The critical value is above-mentioned default first threshold.Candidate unit determining module 420 is by the default first threshold to all of
Information unit is screened, and be will appear from number of times and is defined as candidate feature unit more than the information unit of the default first threshold.
Unit determining module 430 is promoted, is existed for for each candidate feature unit, counting the candidate feature unit respectively
The distribution situation of each documents location, determines whether the candidate feature unit is promotional features unit according to statistics.
By the screening of candidate unit determining module 420, the information list of most normal content can be roughly screened out
Unit, but in remaining information unit (i.e. candidate feature unit), except the letter associated with advertising message or rubbish promotion message
Interest statement unit, it is also possible to there is the information unit joined with time correlation included in normal news.Inventor is sent out by statistical analysis
It is existing, in candidate feature unit, the candidate feature unit that joins with time correlation because and non-artificial content deliberately repeatedly,
Position distribution situation in a document is than more uniform (as shown in Figure 5);And the time associated with advertising message or rubbish promotion message
It is the artificial content for deliberately repeating to select feature unit, so position distribution situation in a document compares concentration (as shown in Figure 6).

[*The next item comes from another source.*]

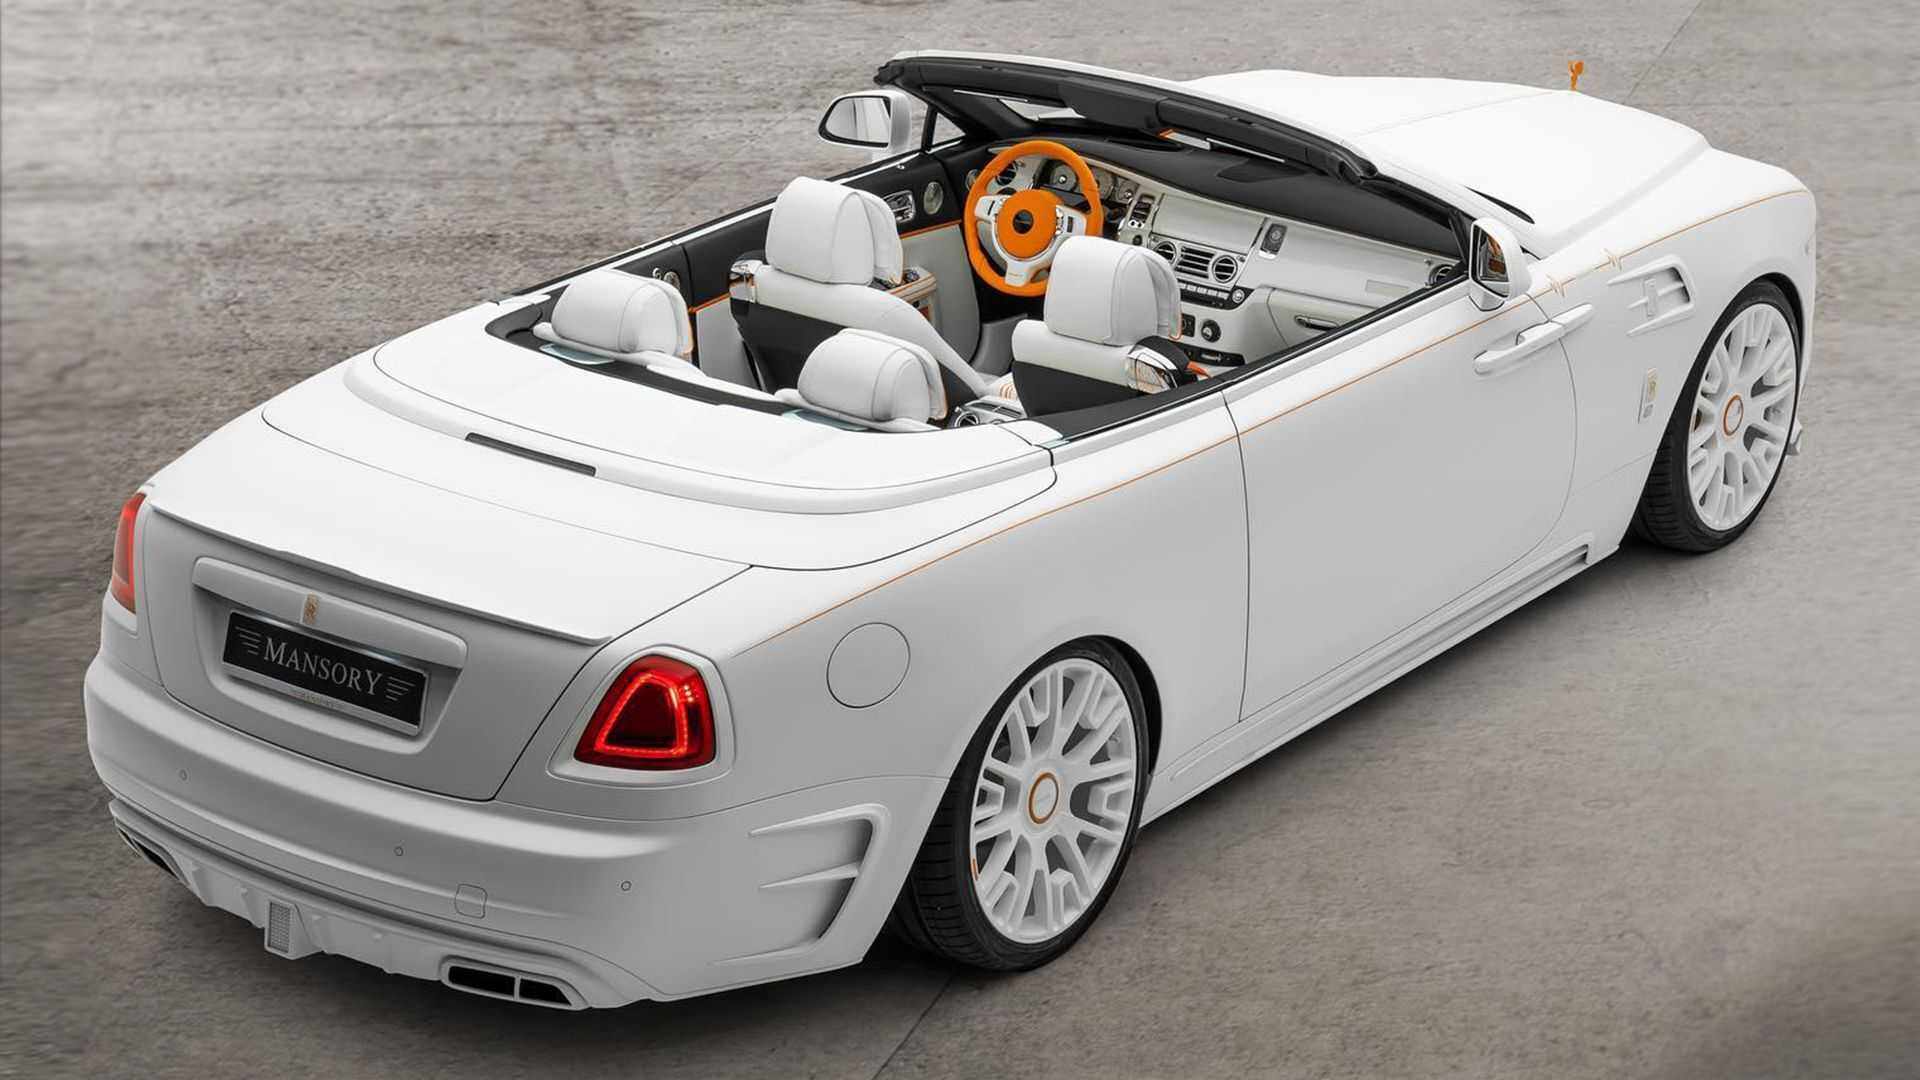 Hãng độ Mansory ra mắt phiên bản độc đáo của xe siêu sang Rolls-Royce

Therefore, popularization spy effectively can further be filtered out in the distribution situation of each documents location by counting candidate feature unit
Levy unit.
Specifically, promoting unit determining module 430 includes that vectorial submodule 431, determination sub-module 432 and document divide son
Module 433, wherein, vectorial submodule 431 is used to be provided for representing distribution of the candidate feature unit in each documents location
The vector of situation;Wherein, each element in vector corresponds respectively to each documents location;If the candidate feature unit is being specified
The distributed quantity of documents location is more than default distribution threshold value, then the element value of the element corresponding to the specified documents location is non-
Zero;If the candidate feature unit is specifying the distributed quantity of documents location to be not more than default distribution threshold value, the specified document
The element value of the element corresponding to position is zero;Determination sub-module 432 is used for the number when nonzero element in vector more than default
Element threshold value when, determine the candidate feature unit be promotional features unit;Document divides submodule 433 to be used for according to default
Document content is divided into multiple documents locations by position division rule;Wherein, above-mentioned default position division rule includes:Base
In the division rule of paragraph granularity and the division rule based on sentence granularity;And above-mentioned candidate feature unit is in specified document
The distributed quantity of position includes:Candidate feature unit is specifying the occurrence number, and/or probability of occurrence of documents location.
Detection module 440, for detecting the promotion message included in document according to fixed promotional features unit.
Specifically, detection module 440 was needed according to fixed promotional features unit and its dividing in each documents location
Cloth situation, sets corresponding document detection model, according to the promotion message included in document detection model inspection document.Further
Ground, detection module 440 is needed according to fixed promotional features unit and its in the probability of occurrence of each documents location and pre-
If position weight, the model parameter that includes in document detection model and the weighted value corresponding to each model parameter are set;
Then the model parameter phase searched from each information unit that document to be detected is included and included in document detection model
The information unit of matching;For each information unit for finding, according to document of the information unit in document to be detected
Position and/or the weighted value of the model parameter matched with the information unit, determine the score value of the information unit, true according to score value
Whether the fixed information unit is promotion message.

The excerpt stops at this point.